OMAHA, Neb. (AP) — Newspaper publisher Lee Enterprises is facing renewed pressure from a hedge fund to speed up its transition to digital publishing and consider adding new digital-savvy leaders to its board after successfully fighting off a hostile takeover from a different hedge fund.

Lee’s largest shareholder, Cannell Capital, this week disclosed buying nearly 20,000 more of the company’s shares, giving it a 9.1% stake. The fund’s head, Carlo Cannell, said he thinks Lee needs new board members and executives with experience running a digital publishing business.

“I have some confidence in (Lee’s) management — not a lot,” Cannell said in an interview. “I have great or very little confidence in the board depending on which board member you are referring to.”

Cannell Capital has been prodding Lee to make changes for several years. That includes running a 2019 campaign encouraging shareholders to vote against three board members, including Lee Chairman Mary Junck, and announcing last September that it planned to vote against all incumbent Lee board members.

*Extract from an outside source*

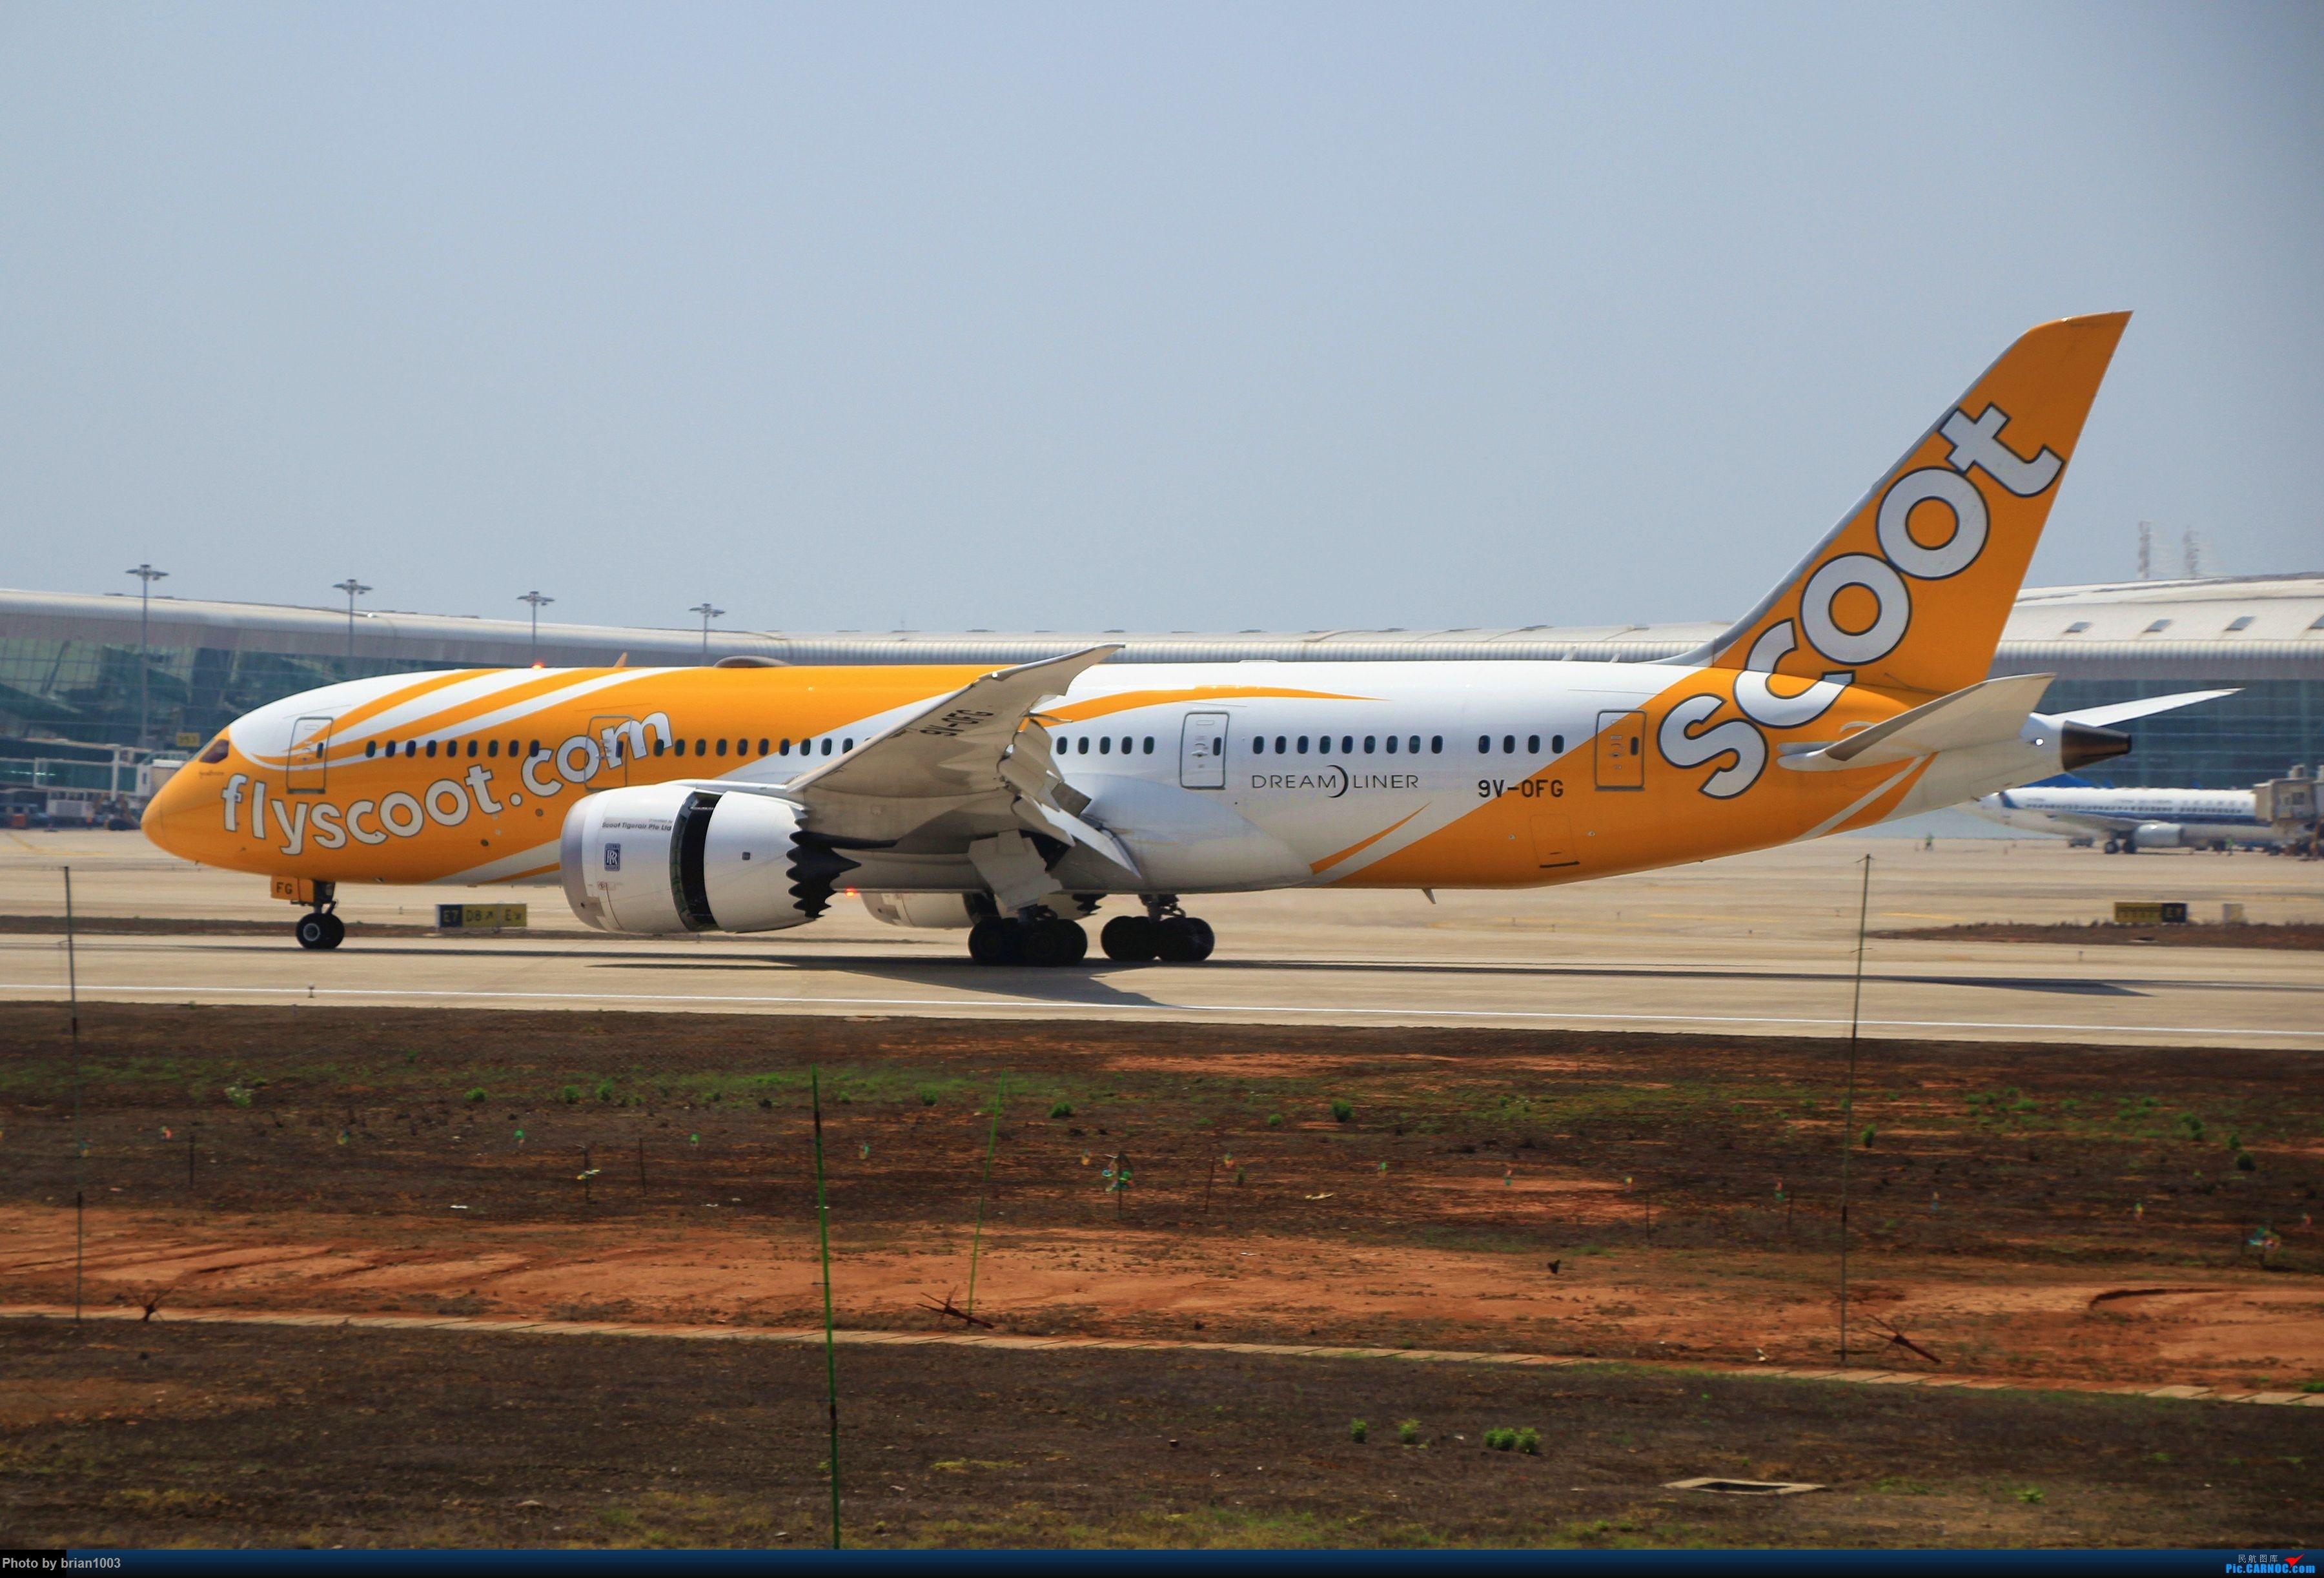 Re:[原创]WUH武汉天河机场拍机之喜迎酷航788和偶遇某其他飞机 BOEING 787-8 9V-OFG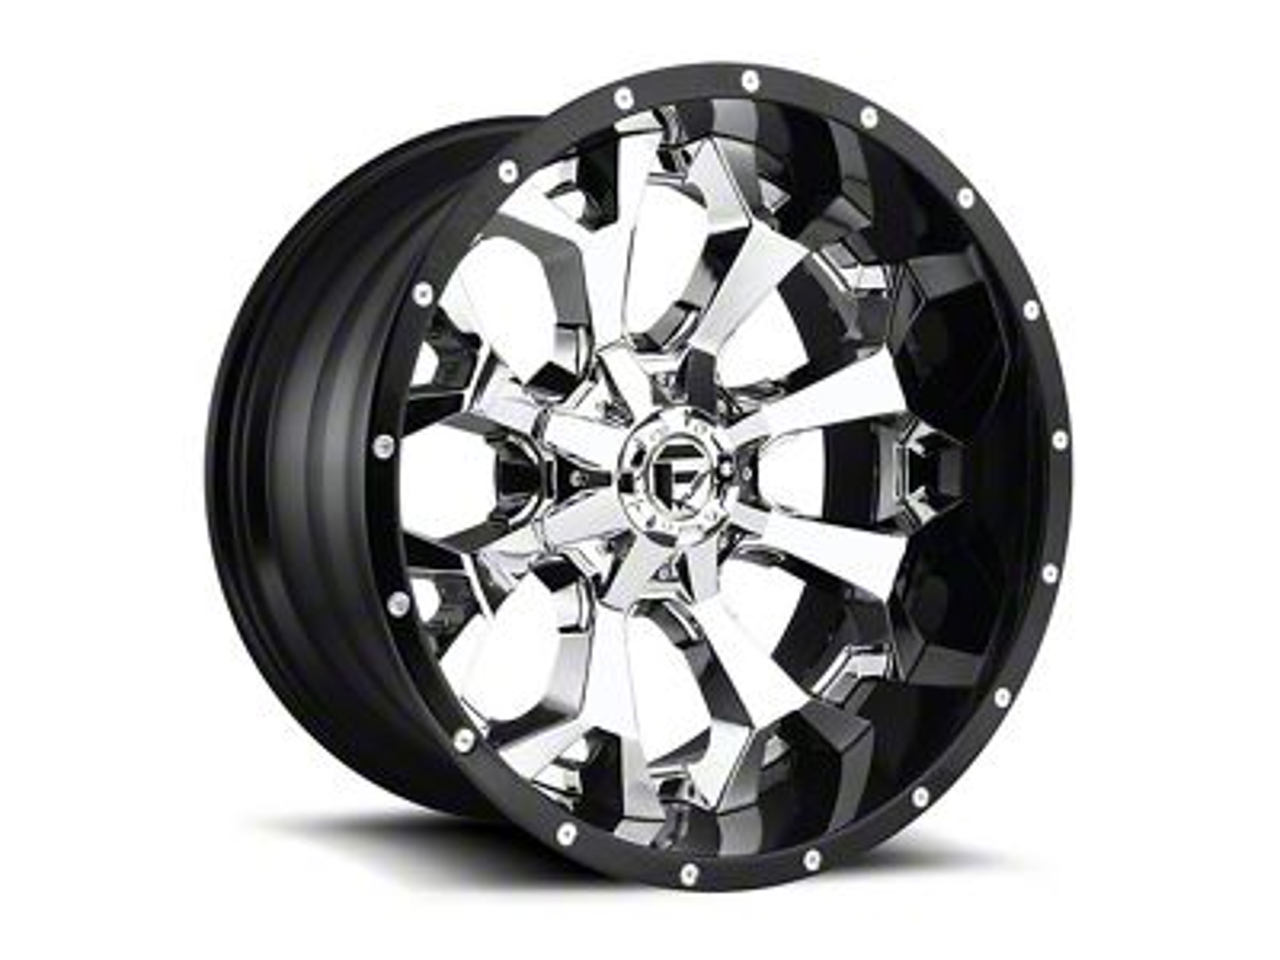 Fuel Wheels Assault Chrome 6-Lug Wheel - 22x14 (07-18 Sierra 1500)

Cannell Capital and another hedge fund that owns a large stake in Lee, Praetorian Capital, also questioned the amount Lee spent on advisors as it was fending off a $24 per share takeover offer from another hedge fund, Alden Global Capital. But the investor who leads Praetorian, Harris Kupperman, has indicated that he is more comfortable with the company’s current direction.

Cannell estimated that Lee spent somewhere between $3 million and $5 million on advice from investment bankers and lawyers during the proxy fight with Alden — an amount he suggested might have been better spent on the company’s journalists. Kupperman agreed.

“I think the shareholders would have voted for the current guys, and they could have saved a few million dollars,” Kupperman said.

Lee publishes dozens of newspapers including the St. Louis Post-Dispatch, Buffalo News, Omaha World-Herald and nearly every other daily newspaper in Nebraska. The chain expanded significantly in 2020 when it bought all of Berkshire Hathaway’s newspapers and Warren Buffett endorsed Lee as the best long-term steward for the publications.

Lee executives have defended the progress they are making in the company’s digital transition. Lee representatives declined to respond to Cannell’s questions Thursday, but the company will update investors again next month when it releases its next earnings report.

Lee said last quarter that it had 450,000 digital-only subscribers and it expects that number to grow to 900,000 by 2026. The Davenport, Iowa-based company said its digital ad and subscription revenue grew 17%, although its profit in the three-month period that ended Dec. 26 declined nearly 20% to $13.2 million.

Kupperman said he is making a long-term investment with his 7.3% stake in the business and he thinks Lee is “on the right path in terms of growing the digital subscribers.”

The pressure on Lee isn’t likely to let up anytime soon, said Tim Franklin, senior associate dean of Northwestern University’s Medill journalism school and the former president of the Poynter Institute, the media think tank and nonprofit owner of the Tampa Bay Times. He noted hedge funds aren’t known for their patience in waiting for companies to grow their stock prices or profit margins.

But he said Lee — like all print media companies — is in the middle of the difficult transition from relying on print publication revenue to digital. The newspaper industry has been contracting for years as more readers shift online and companies cut back on print ads.

“All news organizations, including Lee, are trying to walk this balancing act of preserving as much of their print revenue as they possibly can at the same time that they’re trying to grow digital revenue,” Franklin said. “And that needs to be done with great delicacy because the fate of news organizations may hang in the balance of getting this right.”

Lee fought strongly against Alden’s takeover bid because the New York-based hedge fund has a reputation for imposing extreme cost cuts and deep layoffs at the newspapers it owns, which includes all the Tribune papers it bought last year.

Alden hasn’t said what its plans are for its 6.3% Lee stake after its takeover bid failed, and an Alden spokeswoman didn’t respond to questions this week. The two other hedge funds with larger stakes in Lee have said they believed the company is worth significantly more than what Alden offered.

Rick Edmonds, Poynter’s media analyst, said it appears that investors expected Alden to raise its bid or a bidding war to break out because Lee’s share price soared to $44.43 early this year before falling back to $25.51 Thursday. That might open the door for another potential buyer.